En España, además, el crecimiento masivo de la energía solar está empezando a generar momentos de saturación en la red eléctrica. Tener soluciones de almacenamiento térmico distribuidas territorialmente podría ayudar a absorber parte de esos excedentes renovables.
No parece descabellado pensar que, dentro de unos años, muchos municipios rurales puedan combinar autoconsumo solar, almacenamiento térmico local y pequeñas redes energéticas compartidas.
Potencial
La idea de convertir antiguos silos agrícolas en infraestructuras energéticas resume bastante bien hacia dónde parece dirigirse la transición ecológica: menos demolición, más reutilización inteligente.
Este tipo de proyectos puede ayudar a crear sistemas energéticos más flexibles, capaces de almacenar excedentes renovables locales y reducir el desperdicio eléctrico. También abre la puerta a modelos descentralizados donde pequeños municipios participen activamente en la producción y gestión energética.

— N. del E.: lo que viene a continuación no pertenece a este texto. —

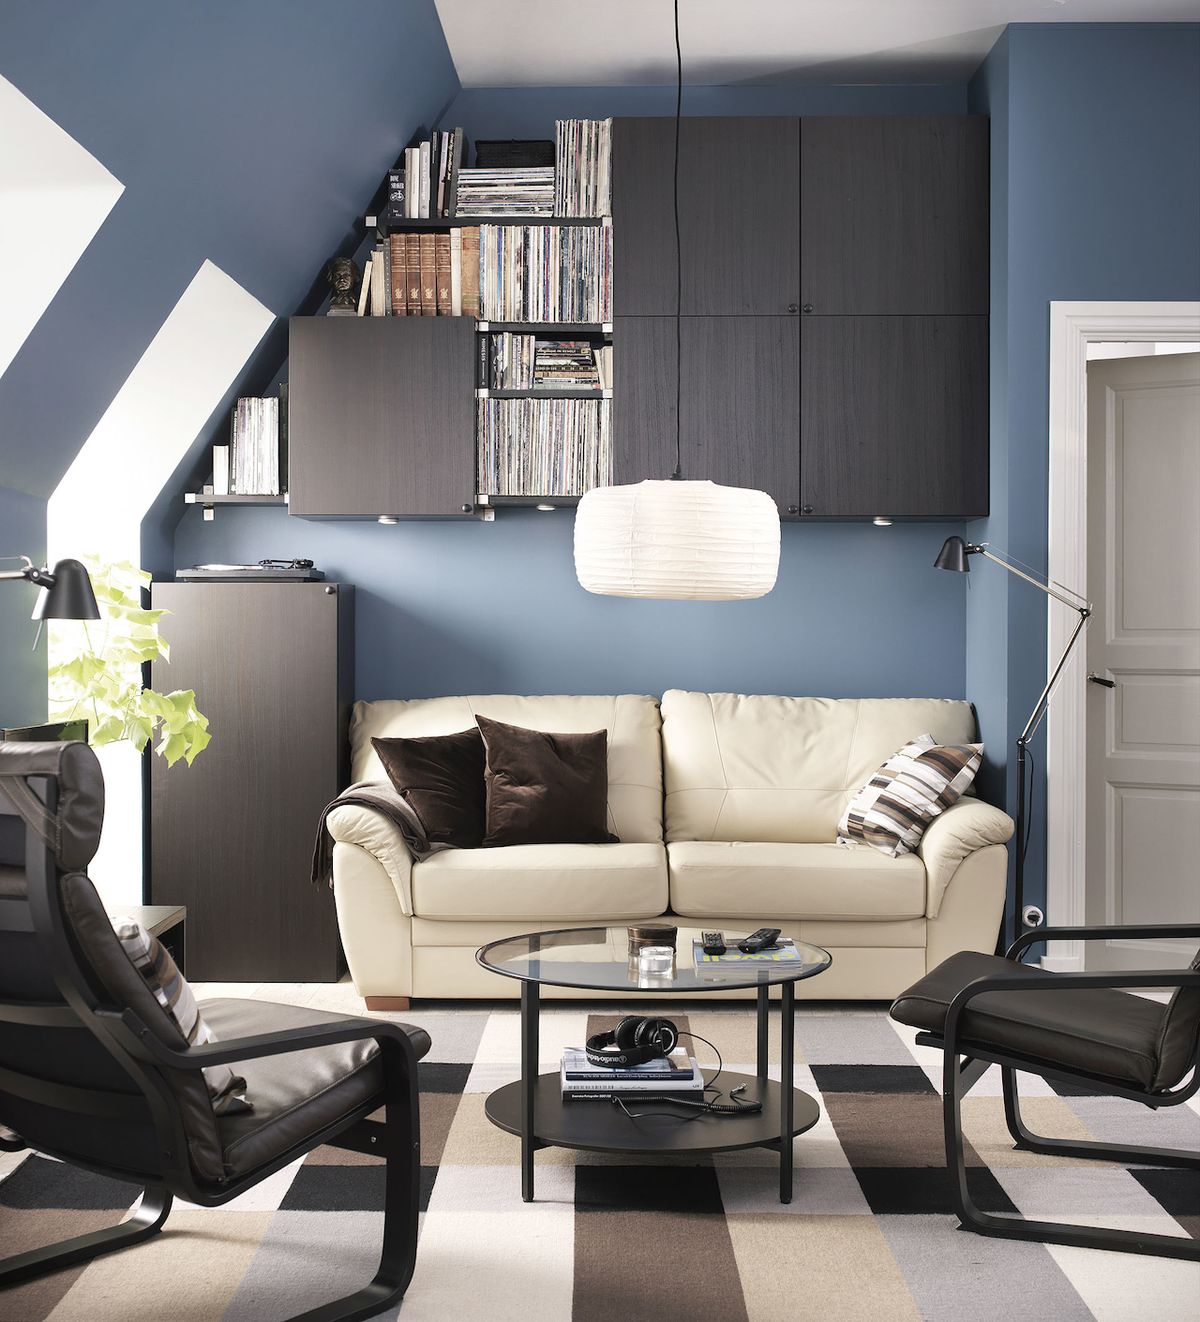 Modré stěna povzbuzují k práci a soustředění, kontrast antracitové černé s bílou jim dodává hloubku.
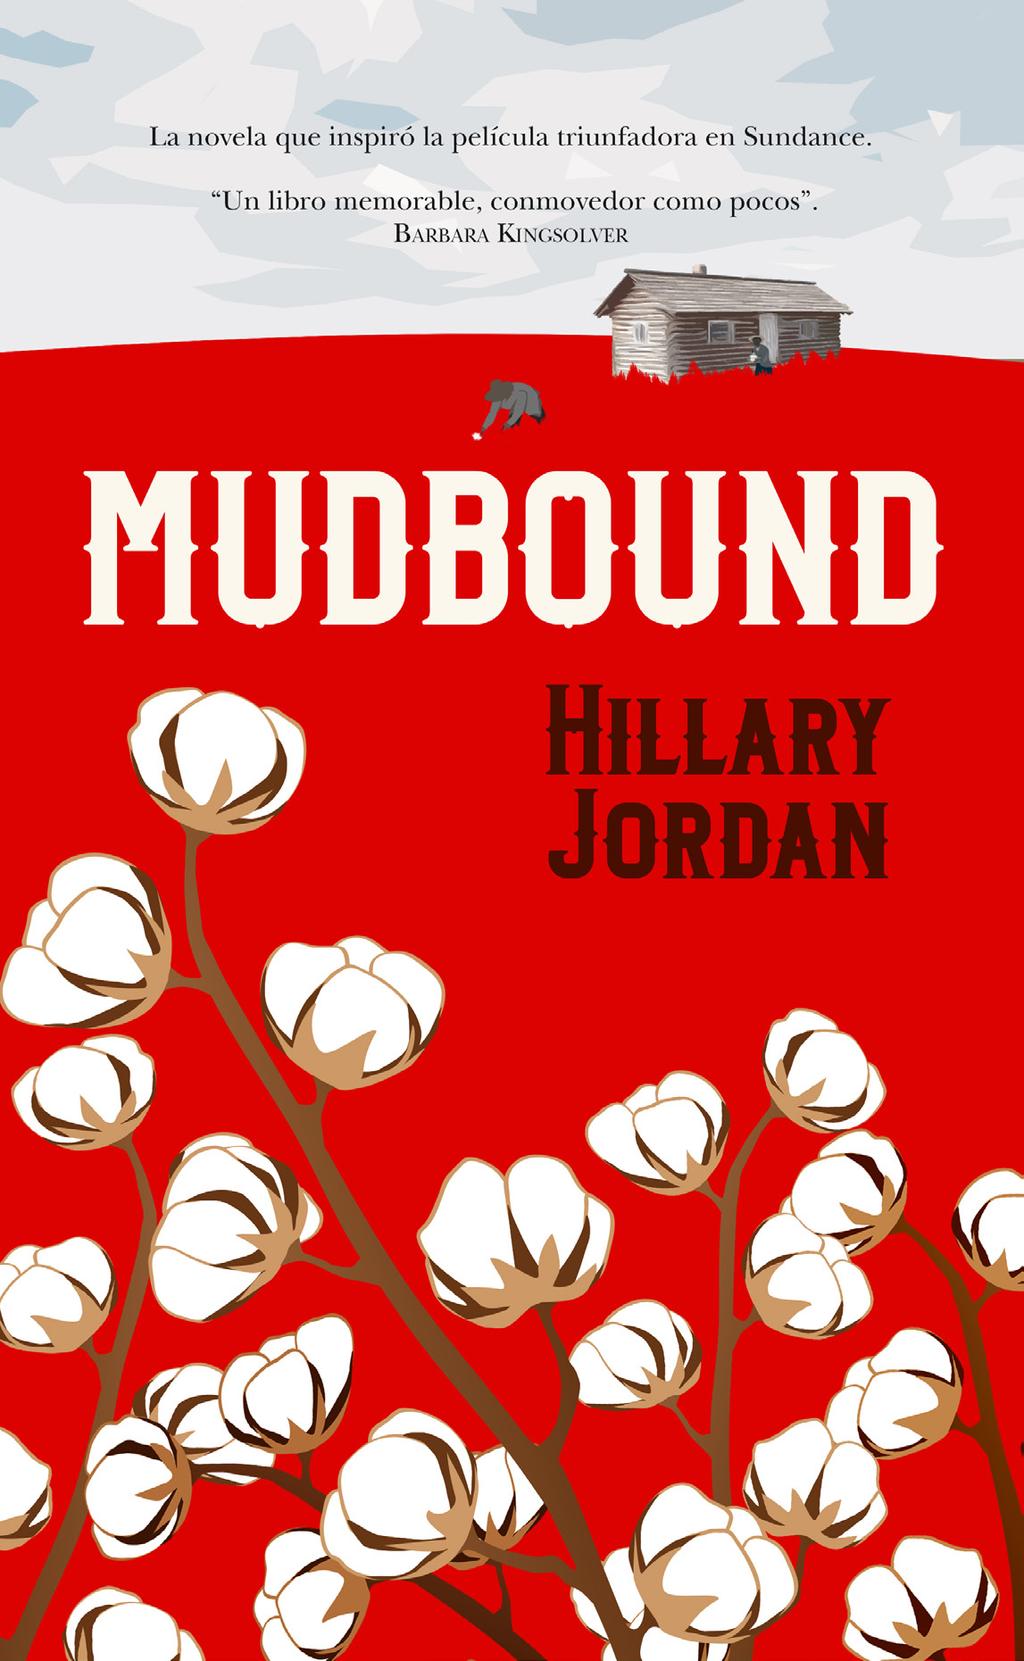 MUDBOUND En esta premiada novela de Hillary Jordan los prejuicios adquieren muchas formas, tanto sutiles como brutales.

En zonas rurales con abundante energía solar, los silos térmicos podrían alimentar procesos industriales, secaderos agrícolas, calefacción colectiva o redes de calor municipales. Incluso servir como respaldo energético en momentos de alta demanda.
No resolverán por sí solos la crisis climática. Pero sí muestran algo importante: muchas soluciones sostenibles no requieren inventar infraestructuras futuristas. A veces basta con mirar de otra forma aquello que llevaba décadas olvidado en mitad del paisaje.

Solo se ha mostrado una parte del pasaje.